Dosing of first MAD cohort in Phase 1 trial of O3R-5671 complete with no drug related adverse events

Pharmacokinetic profile demonstrates long half-life and low intersubject variability

Pharmacodynamic data from single ascending dose cohorts indicative of profound and sustained TNFα inhibition at low doses

Onco3R Therapeutics, a clinical-stage immunology and oncology biotech company dedicated to transforming patients’ lives with best-in-class medicines, announced the successful completion of the first multiple ascending dose (MAD) cohort of subjects in the Phase 1 trial of its novel SIK3 inhibitor O3R-5671. Four single ascending dose (SAD) cohorts have also been completed.

In each of the SAD cohorts, six subjects received a single oral dose of O3R-5671 between 5mg - 35mg. In the first MAD cohort, six subjects received 5mg O3R-5671 once a day for 14 days. Pharmacokinetic and safety data support investigating a higher dose in the second MAD cohort of the study, which is planned to initiate in early December.
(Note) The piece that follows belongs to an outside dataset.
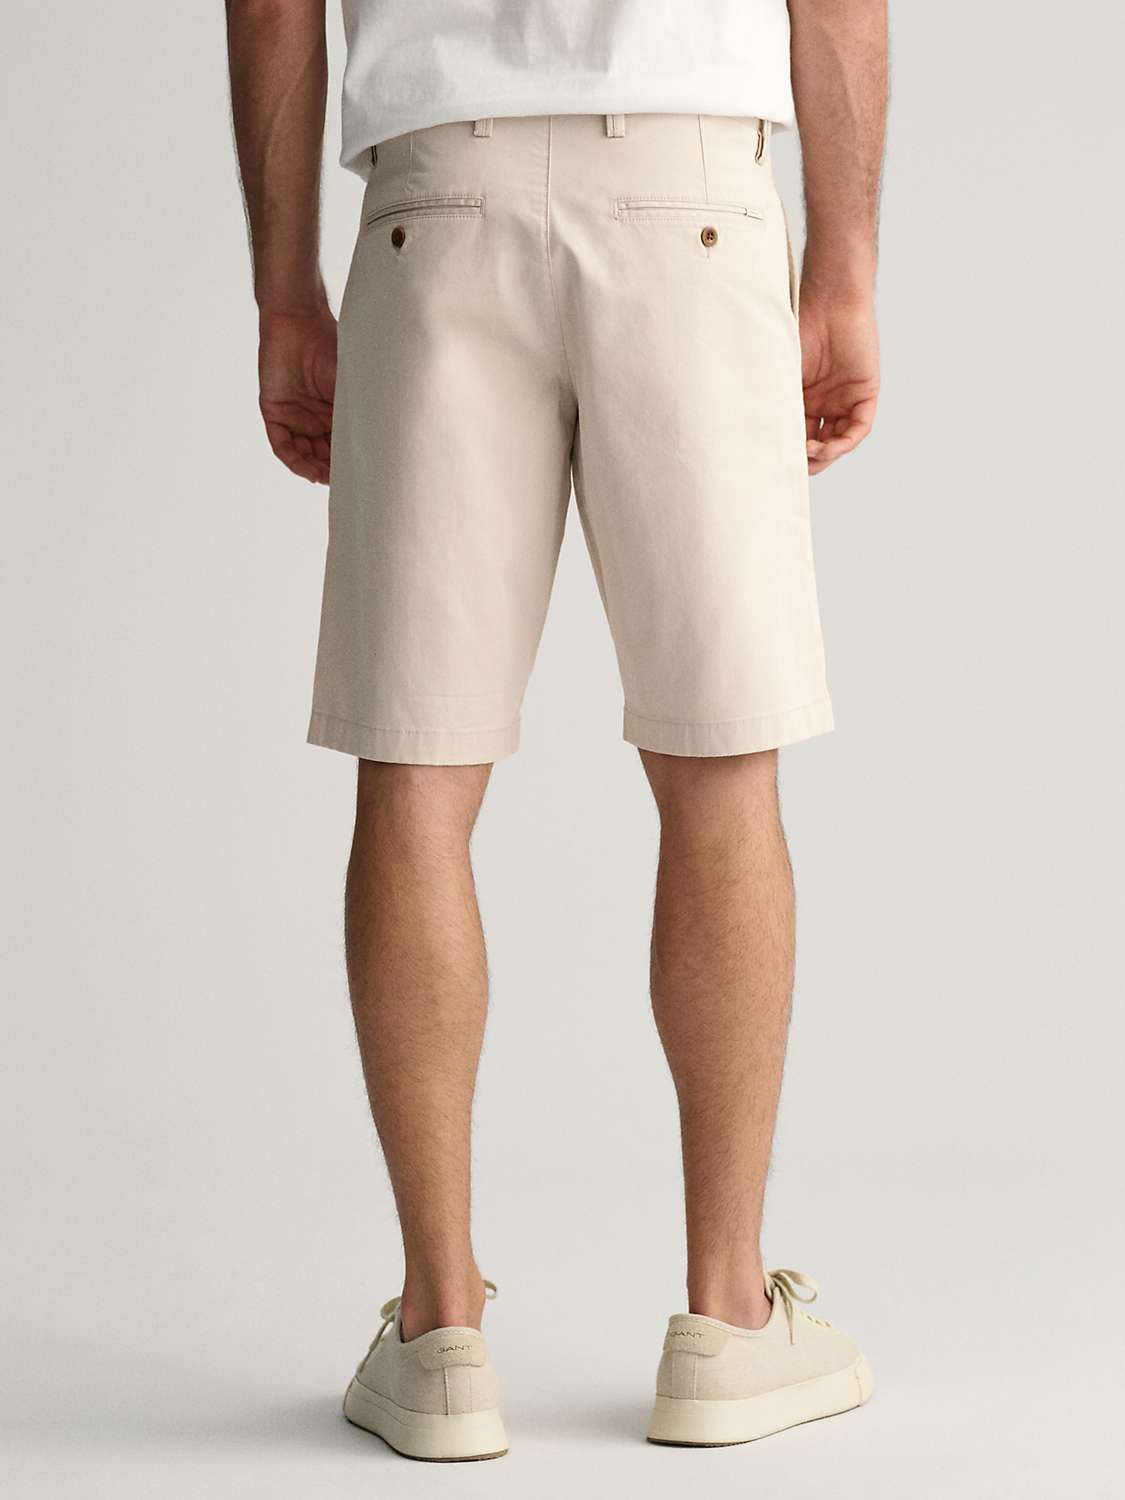 Buy GANT Relaxed Twill Shorts, Putty Online at johnlewis.com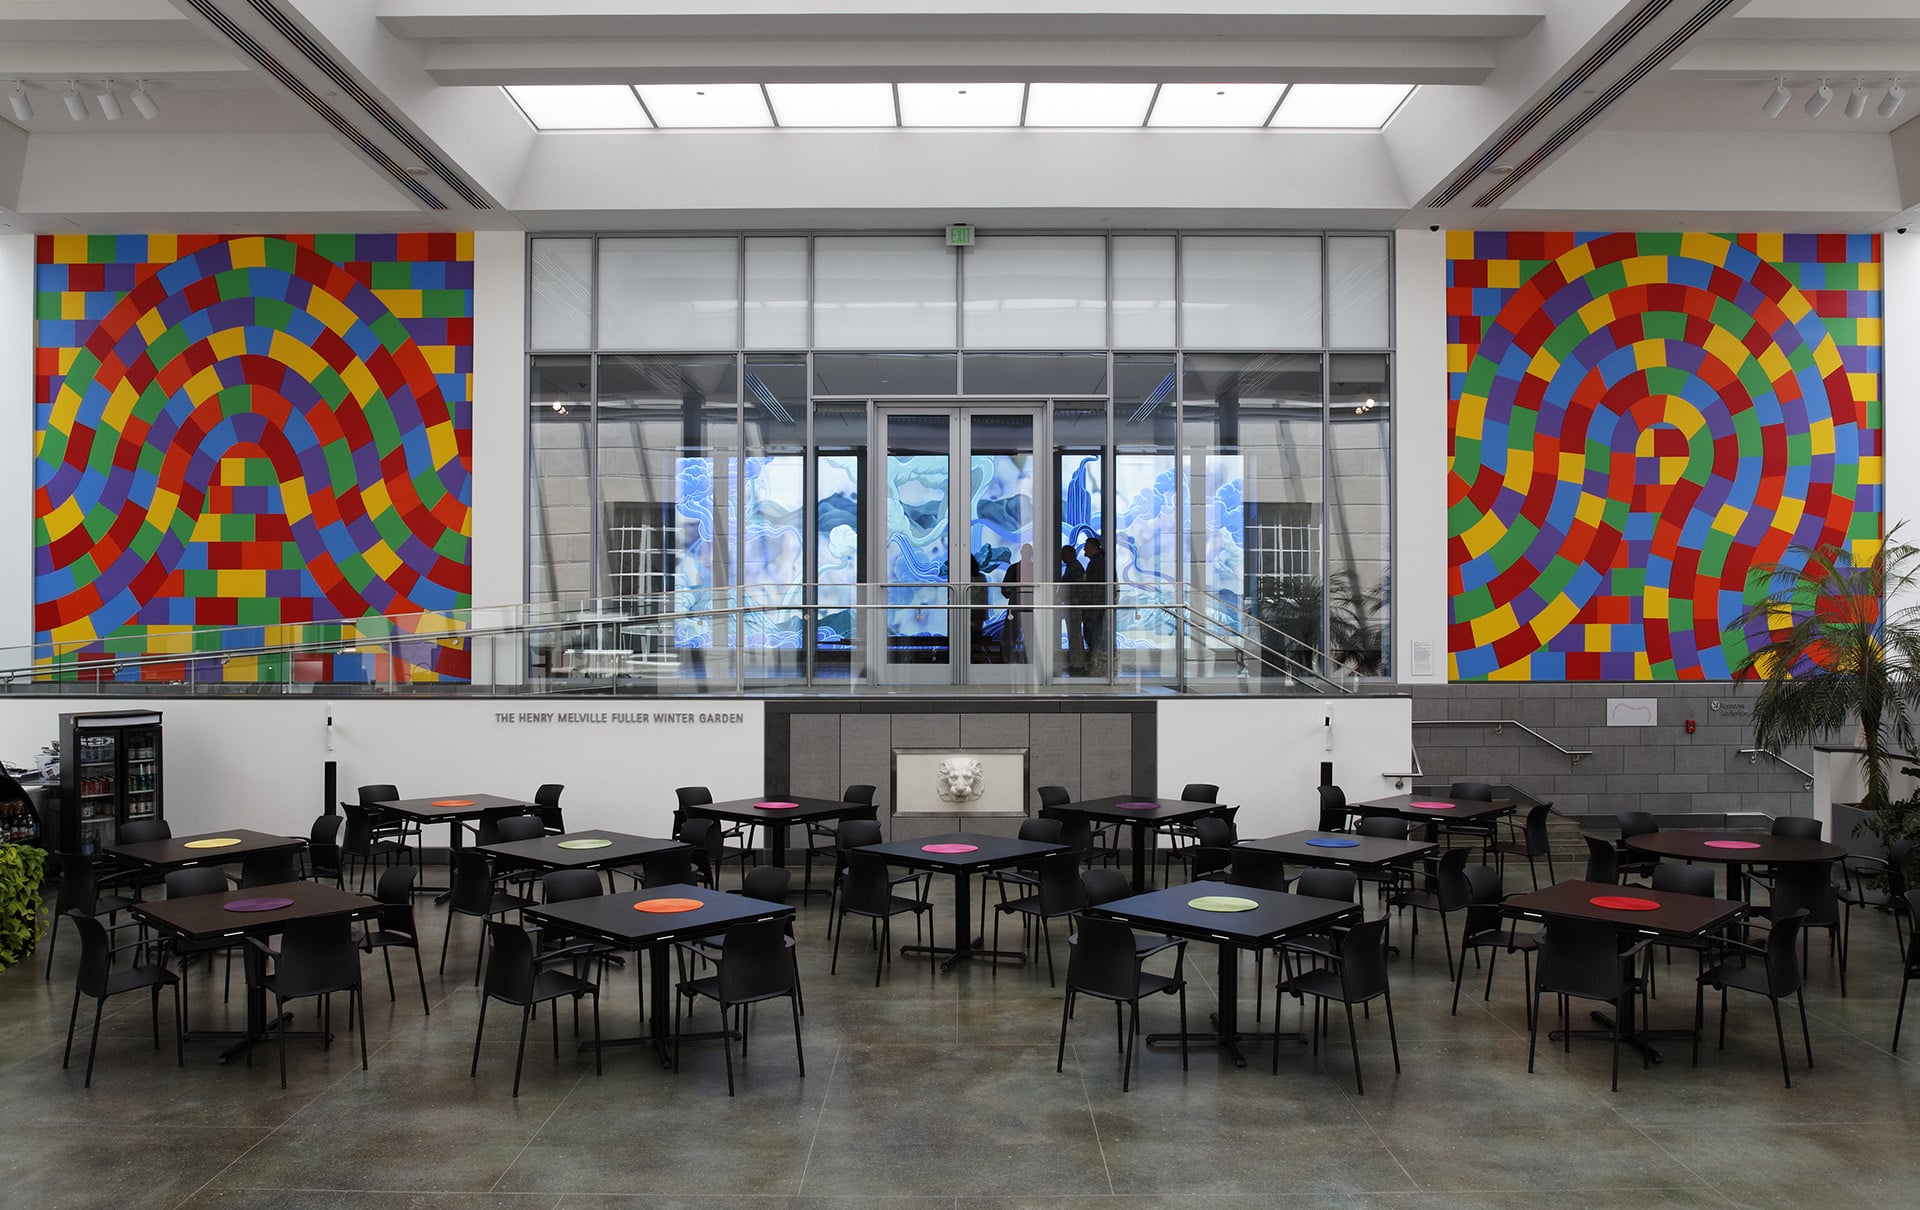 a mural of yellow, blue, red, orange, green, and purple squares on a cafeteria wall

Pharmacokinetic data generated to date demonstrate that O3R-5671 has a flat PK profile, a highly attractive attribute of this drug candidate, with a long half-life. Drug exposure in the SAD cohorts is dose proportional with low variability between subjects. A food effect cohort demonstrated that O3R-5671’s PK profile is consistent with or without food indicating that there will be no food restrictions in future patient clinical studies. Data from the first MAD cohort demonstrate that O3R-5671’s attractive PK profile is maintained at day 14 with drug exposure approximately two times higher than the same single 5mg dose.

The safety profile of O3R-5671 is highly encouraging with a low rate of drug related adverse events reported to date. Importantly, no drug related adverse events have been reported in the 25 and 35mg SAD cohorts or in the 5mg MAD cohort and there have been no clinically significant abnormalities on ECG, vital signs or physical examination.

Pharmacodynamic data from the SAD cohorts demonstrate that O3R-5671 potently inhibits TNFα in a dose dependent manner and that maximal inhibition (approximately 90%) is achieved between 25mg and 35mg, the highest dose that has been examined to date. Furthermore, drug levels 24 hours after dosing at 25 and 35mg doses maintained inhibition of TNFα by more than 75%.

“We are very encouraged by the PK, safety and PD data that have been generated to date in the first in human study of O3R-5671” said Pierre Raboisson, PhD, CEO and Founder of Onco3R Therapeutics. “These data exceed the expectations we had for O3R-5671 before we entered the clinic, and we are excited about the prospect of completing this important study and embarking on patient studies in 2026. In addition to potently inhibiting TNFα, our non-clinical data also demonstrate that O3R-5671 potently inhibits IL-23 and IL-12 which, along with TNFα, are implicated in the pathogenesis of a variety of autoimmune diseases including ulcerative colitis, Crohn’s disease and psoriasis.”

He added, “We are highly motivated to discover and develop drugs that will make significant improvements to the lives of patients living with autoimmune diseases and cancer. Specifically for patients with autoimmune diseases, O3R-5671 has the potential to become a safe, effective and convenient therapeutic option and we are looking forward to its continued development.”